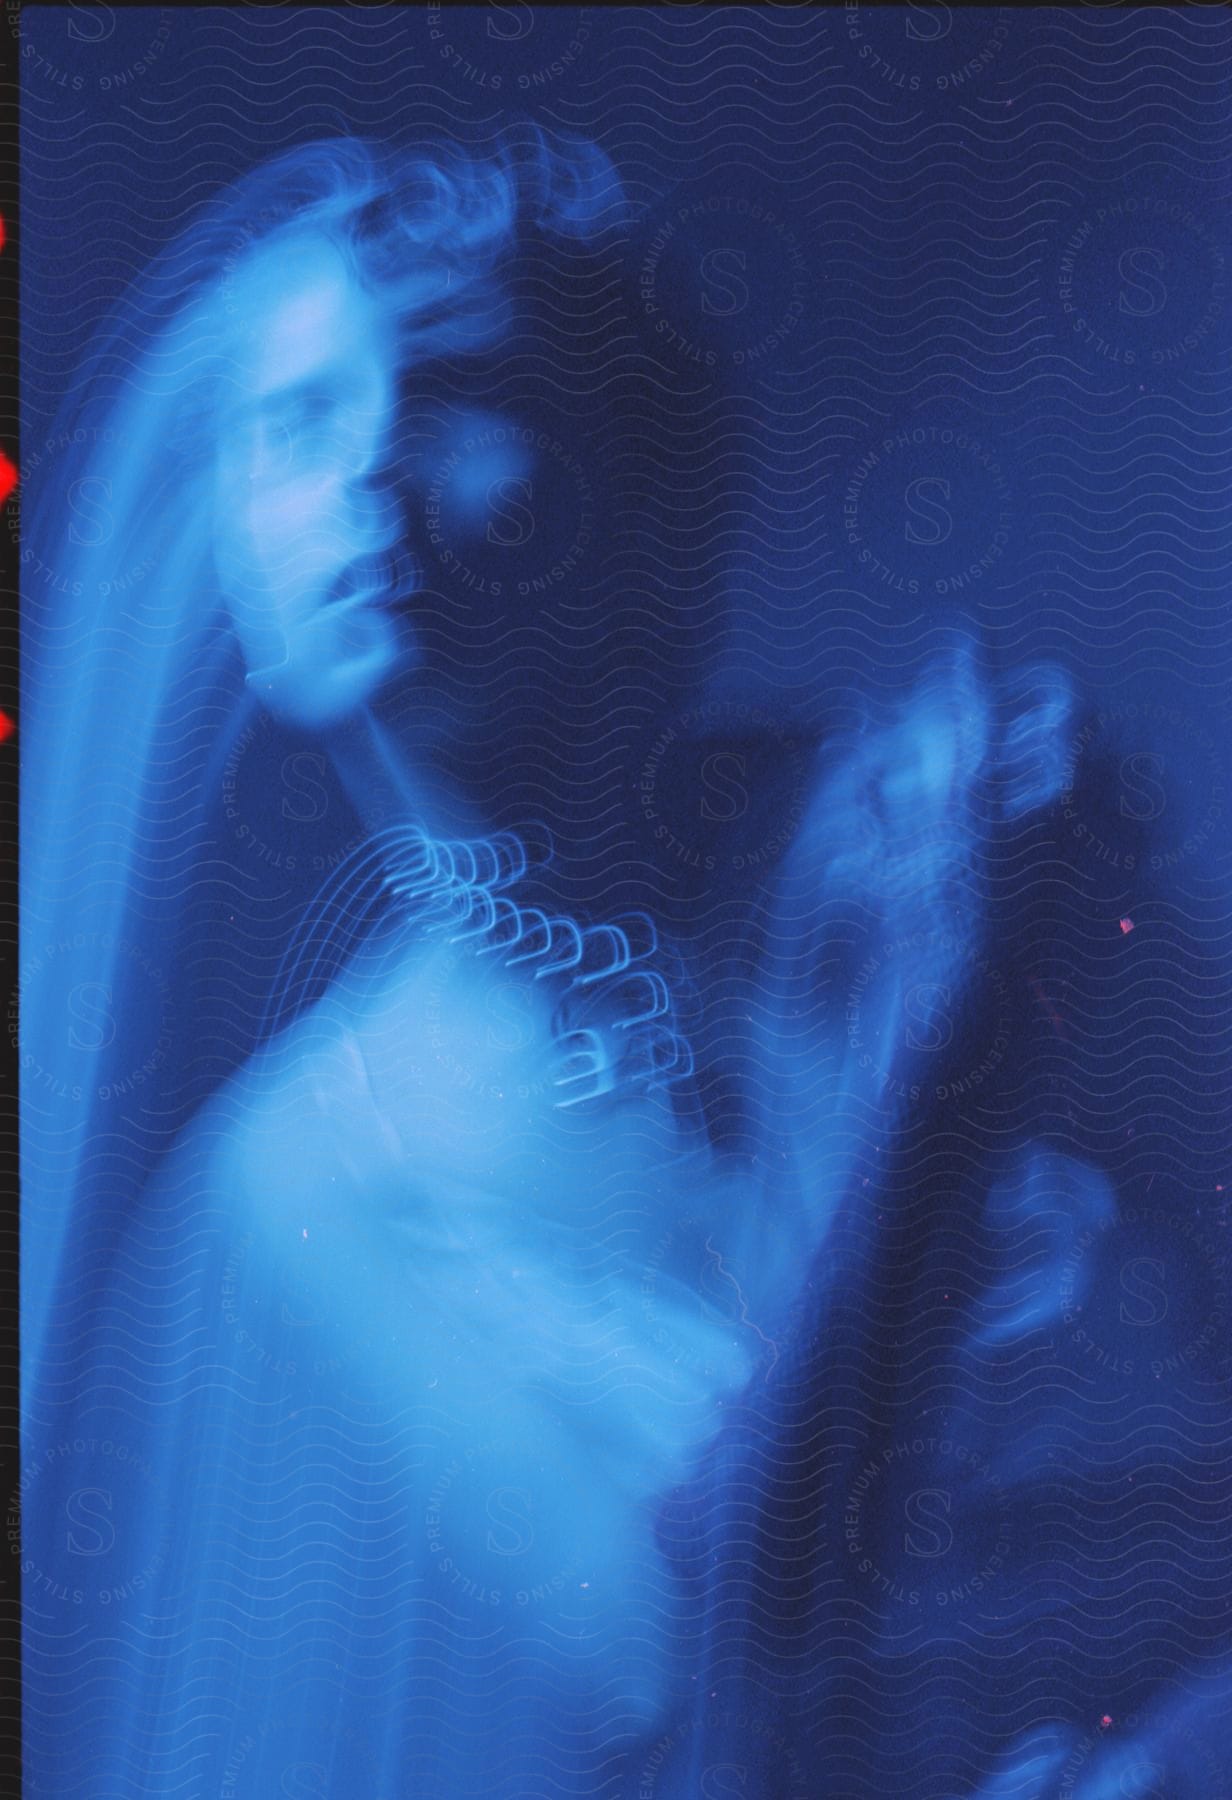 Abstract image of a womans face and body distorted by motion blur under blue lights
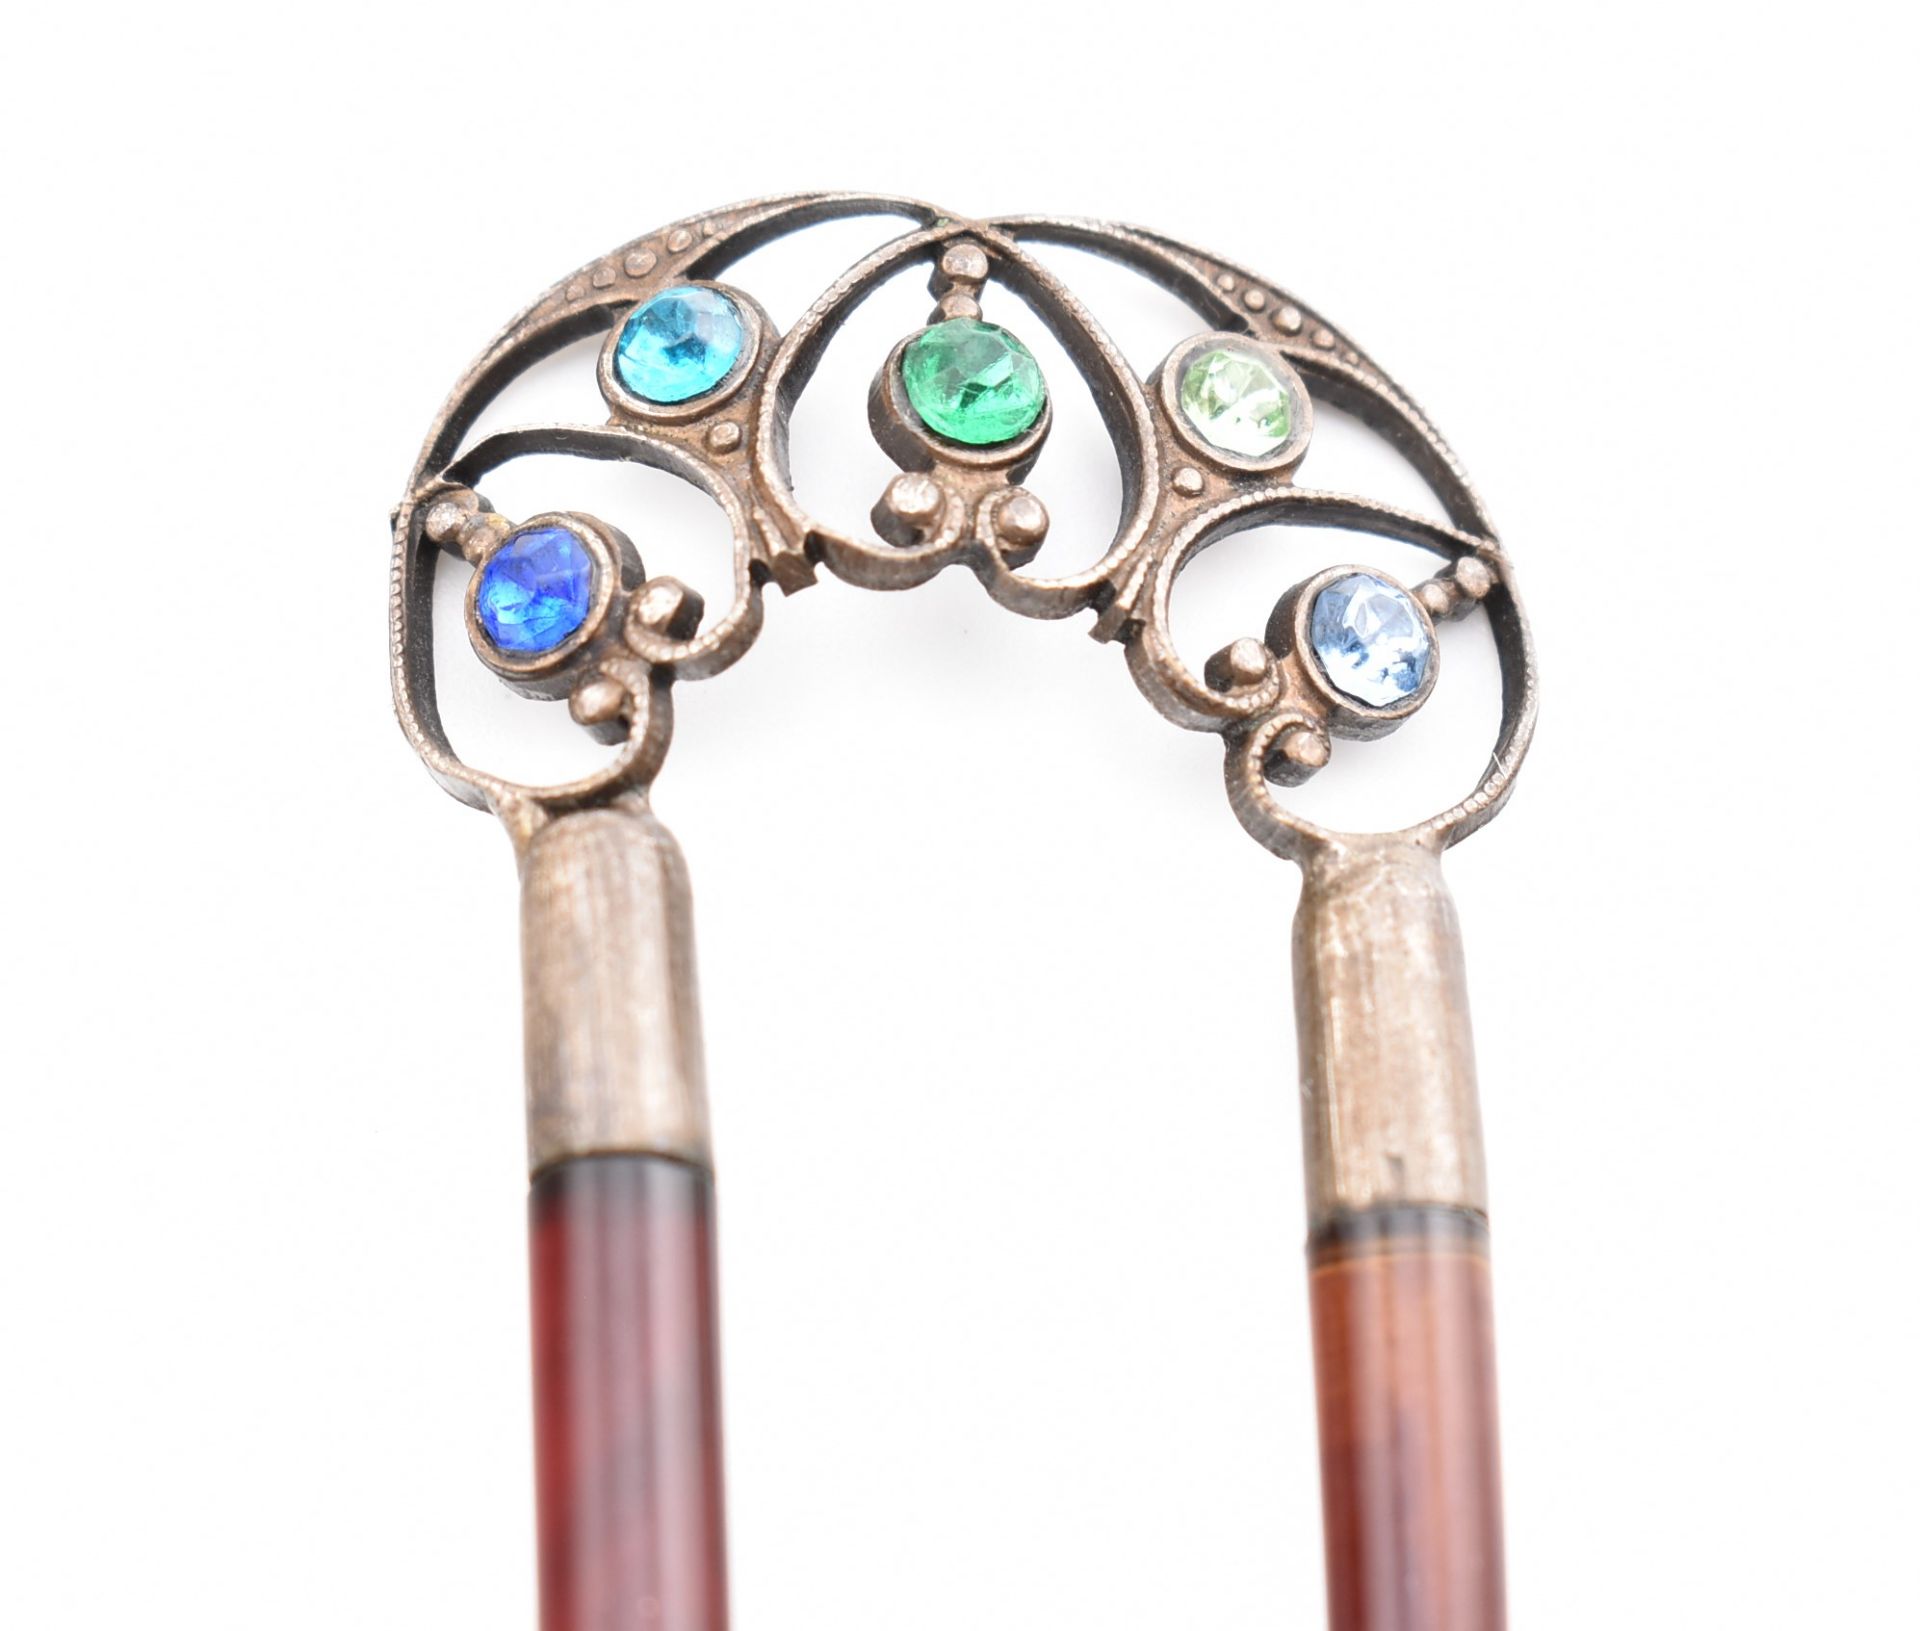 ART NOUVEAU BEJEWELLED HAIR COMBE - Image 3 of 3
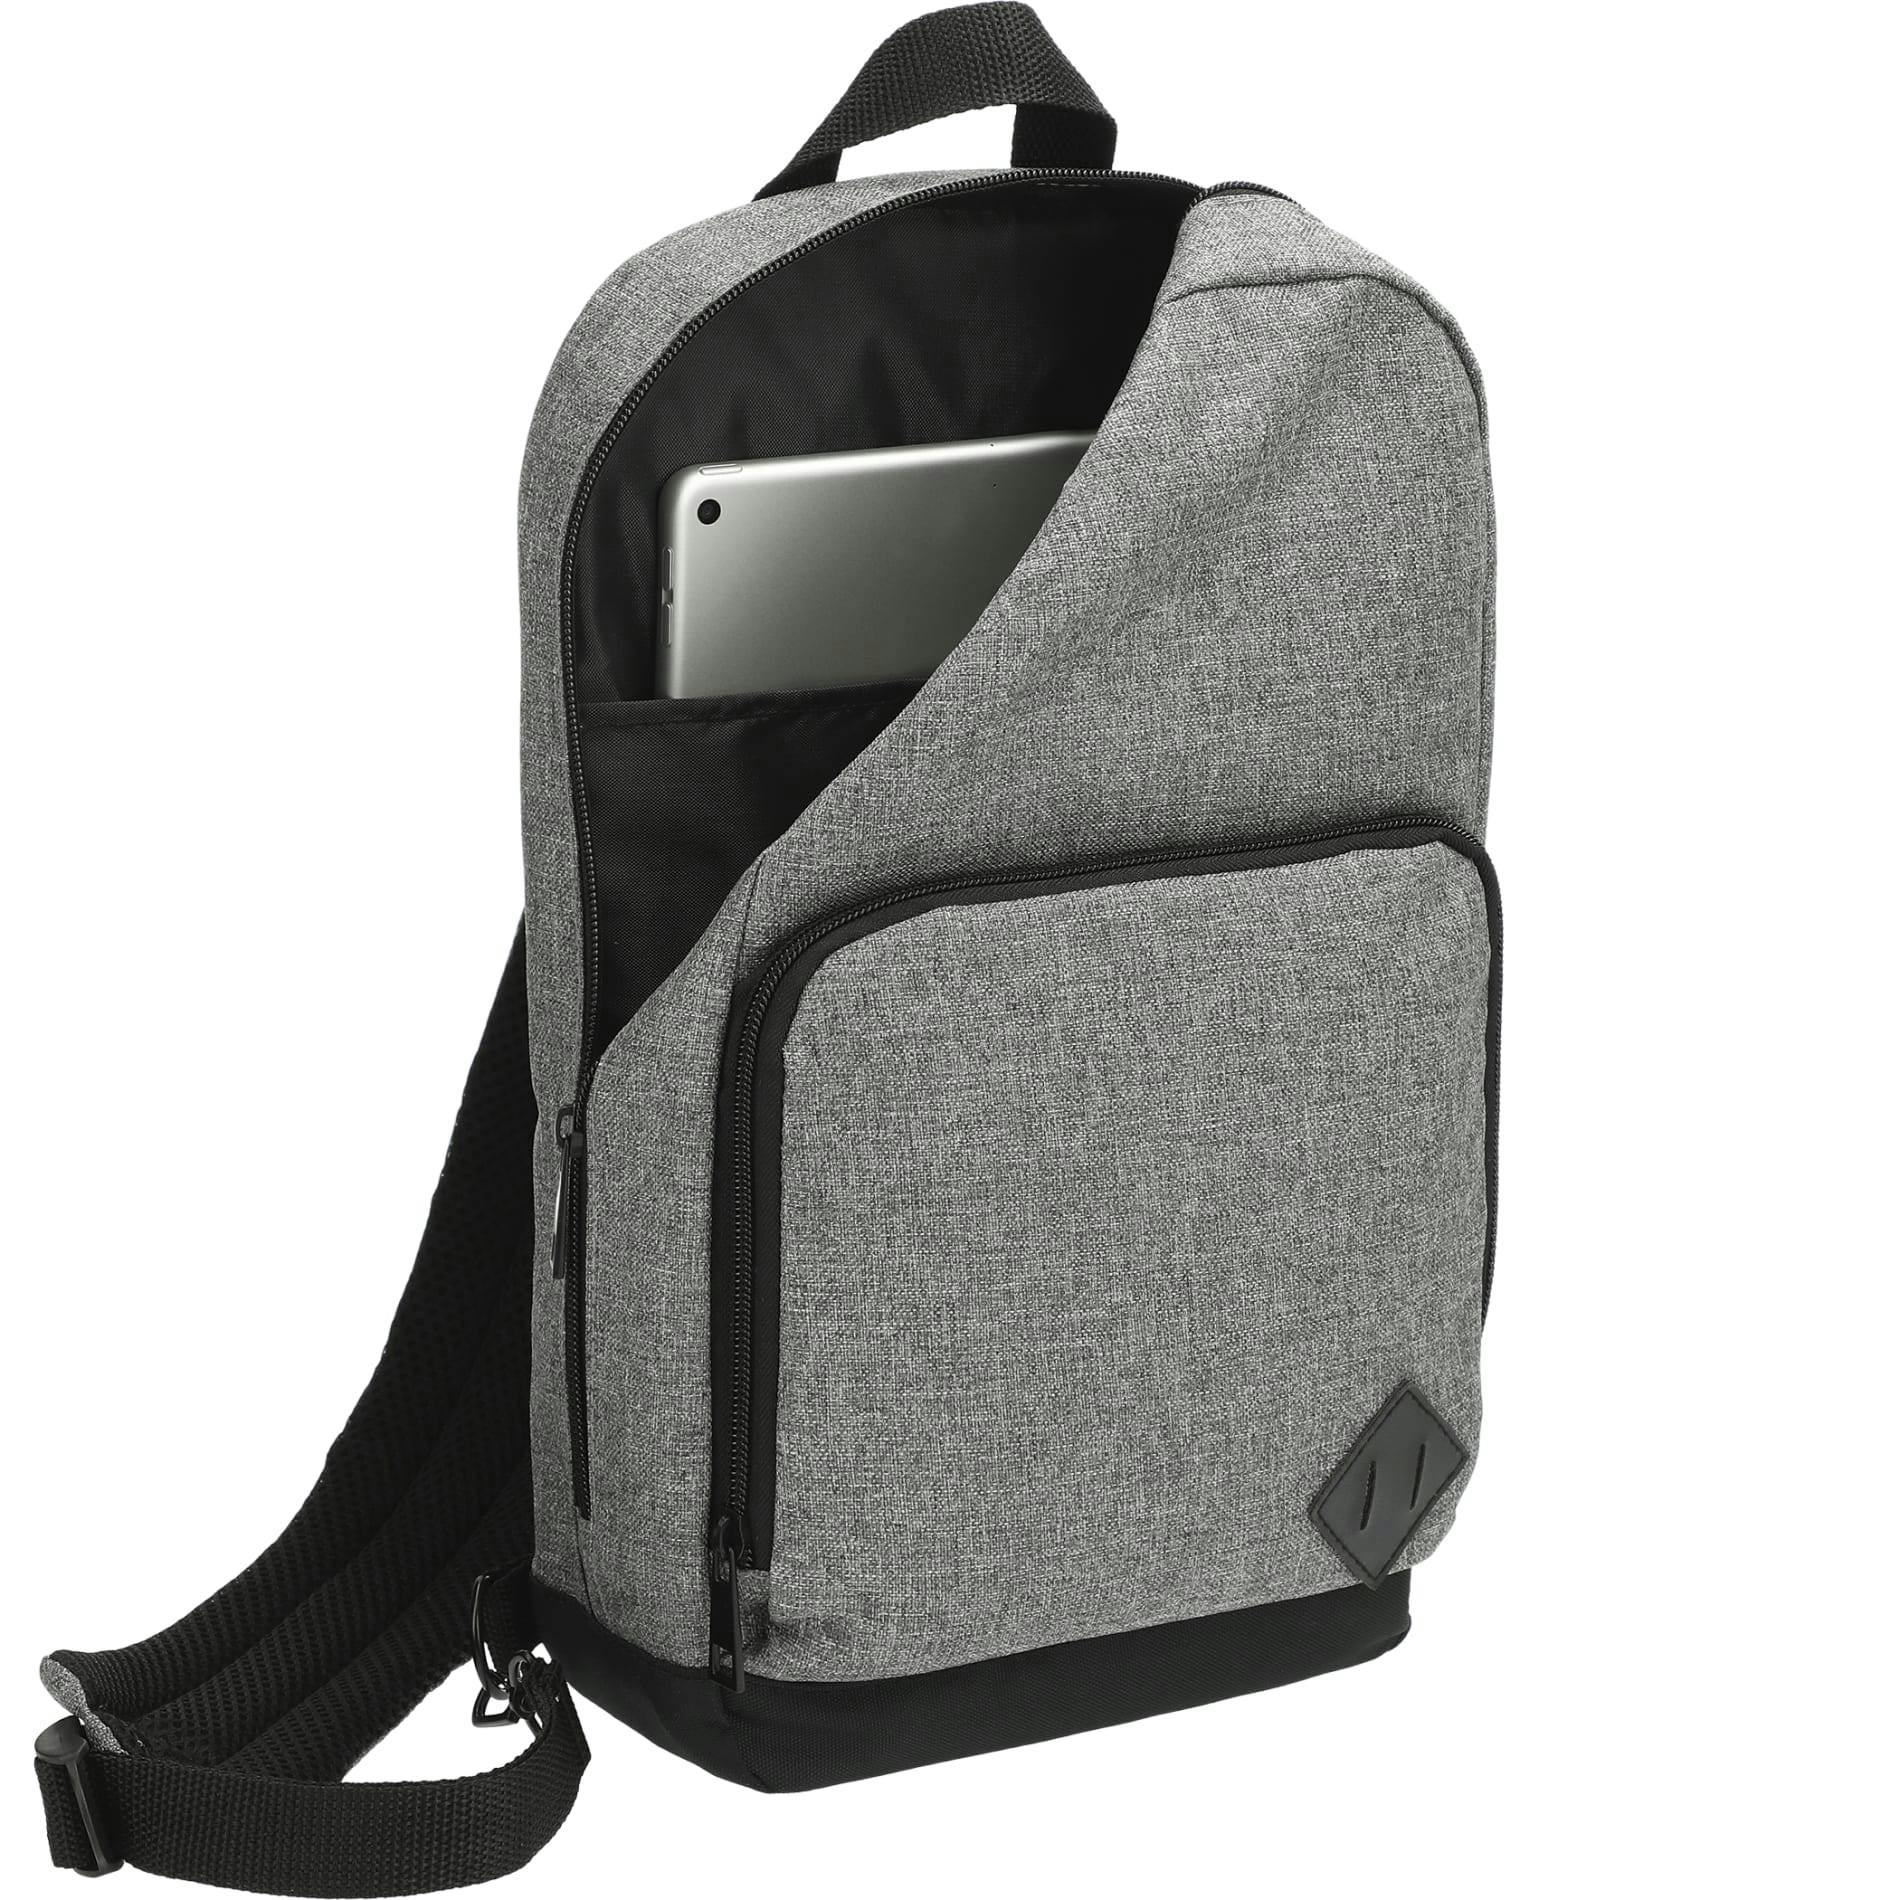 Graphite Deluxe Recycled Sling Backpack - additional Image 2

> **Activity**:
Restate word for word only the lines that run from the line holding "ART NOUVEAU BEJEWELLED" to the end of the data, both ends kept, leaving every picture out.

> **Solution**:
 ART NOUVEAU BEJEWELLED HAIR COMBE - Image 3 of 3
 Graphite Deluxe Recycled Sling Backpack - additional Image 2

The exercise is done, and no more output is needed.